Re: Spark Streaming with Tachyon : Data Loss on Receiver Failure due to WAL error

2015-09-26 Thread N B
I wanted to add that we are not configuring the WAL in our scenario.

Thanks again,
Nikunj


On Sat, Sep 26, 2015 at 11:35 AM, N B  wrote:

> Hi Dibyendu,
>
> Thanks. I believe I understand why it has been an issue using S3 for
> checkpoints based on your explanation. But does this limitation apply only
> if recovery is needed in case of driver failure?
>
> What if we are not interested in recovery after a driver failure. However,
> just for the purposes of running streaming pipelines that do
> reduceByKeyAndWindow() and updateStateByKey() operations it needs to have a
> checkpoint directory configured.
>
> Do you think this usage will also run into issues if an S3 location is
> provided for the checkpoint directory. We will not use it to do any
> explicit recovery like I stated above.
>
> Thanks
> Nikunj
>
>
>
> On Sat, Sep 26, 2015 at 3:13 AM, Dibyendu Bhattacharya <
> dibyendu.bhattach...@gmail.com> wrote:
>
>> In Spark Streaming , Checkpoint Directory is used for two purpose
>>
>> 1. Metadata checkpointing
>>
>> 2. Data checkpointing
>>
>> If you enable WAL to recover from Driver failure, Spark Streaming will
>> also write the Received Blocks in WAL which stored in checkpoint directory.
>>
>> For streaming solution to recover from any failure without any data loss
>> , you need to enable Meta Data Check pointing and WAL.  You do not need to
>> enable Data Check pointing.
>>
>> From my experiments and the PR I mentioned , I configured the Meta Data
>> Check Pointing in HDFS , and stored the Received Blocks OFF_HEAP.  And I
>> did not use any WAL . The PR I proposed would recover from Driver fail-over
>> without using any WAL like feature because Blocks are already available in
>> Tachyon. The Meta Data Checkpoint helps to recover the meta data about past
>> received blocks.
>>
>> Now the question is , can I configure Tachyon as my Metadata Checkpoint
>> location ? I tried that , and Streaming application writes the
>> receivedBlockMeataData to Tachyon, but on driver failure, it can not
>> recover the received block meta data from Tachyon. I sometime see Zero size
>> files in Tachyon checkpoint location , and it can not recover past events .
>> I need to understand what is the issue of storing meta data in Tachyon .
>> That needs a different JIRA I guess.
>>
>> Let me know I am able to explain the current scenario around Spark
>> Streaming and Tachyon .
>>
>> Regards,
>> Dibyendu
>>
>>
>>
>>
>> On Sat, Sep 26, 2015 at 1:04 PM, N B  wrote:
>>
>>> Hi Dibyendu,
>>>
>>> I am not sure I understand completely. But are you suggesting that
>>> currently there is no way to enable Checkpoint directory to be in Tachyon?
>>>
>>> Thanks
>>> Nikunj
>>>
>>>
>>> On Fri, Sep 25, 2015 at 11:49 PM, Dibyendu Bhattacharya <
>>> dibyendu.bhattach...@gmail.com> wrote:
>>>
 Hi,

 Recently I was working on a PR to use Tachyon as OFF_HEAP store for
 Spark Streaming and make sure Spark Streaming can recover from Driver
 failure and recover the blocks form Tachyon.

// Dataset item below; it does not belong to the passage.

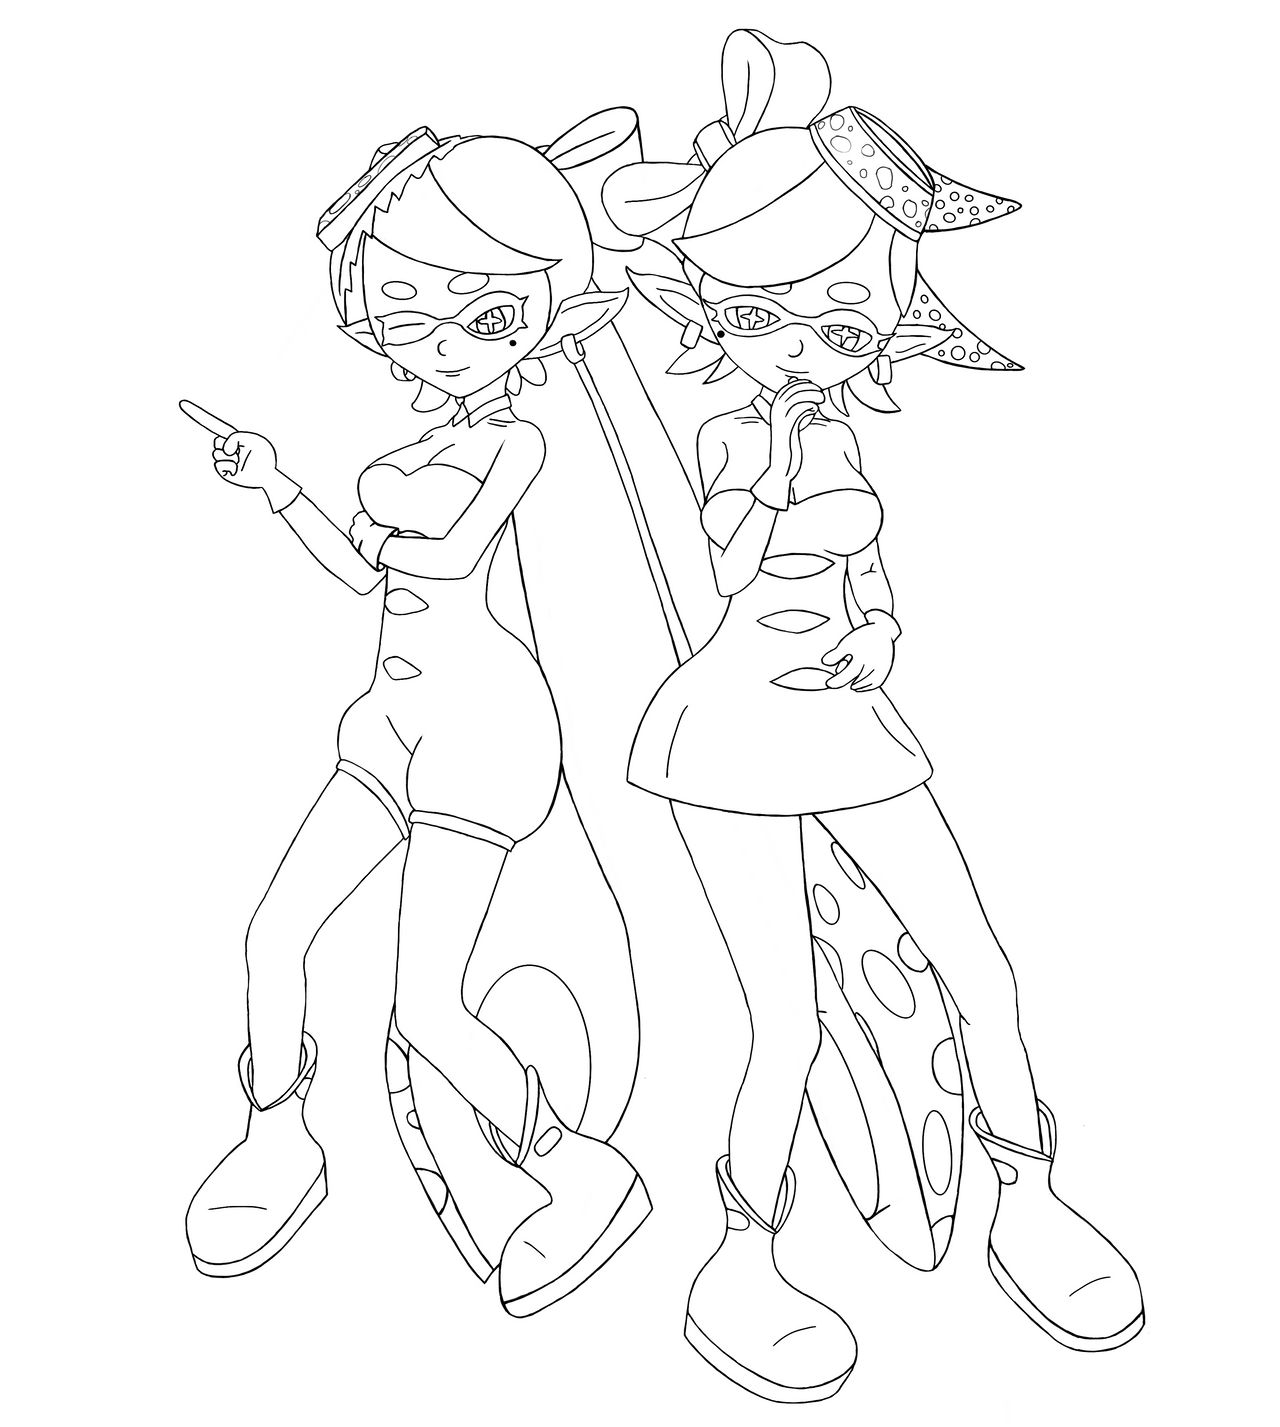 Squid Sisters Live (outline) by MinyBoy5 on DeviantArt

 The The Motivation for this PR is  :

 If Streaming application stores the blocks OFF_HEAP, it may not need
 any WAL like feature to recover from Driver failure. As long as the writing
 of blocks to Tachyon from Streaming receiver is durable, it should be
 recoverable from Tachyon directly on Driver failure.
 This can solve the issue of expensive WAL write and duplicating the
 blocks both in MEMORY and also WAL and also guarantee end to end
 No-Data-Loss channel using OFF_HEAP store.

 https://github.com/apache/spark/pull/8817

 This PR still under review . But having done various fail over testing
 in my environment , I see this PR worked perfectly fine without any data
 loss . Let see what TD and other have to say on this PR .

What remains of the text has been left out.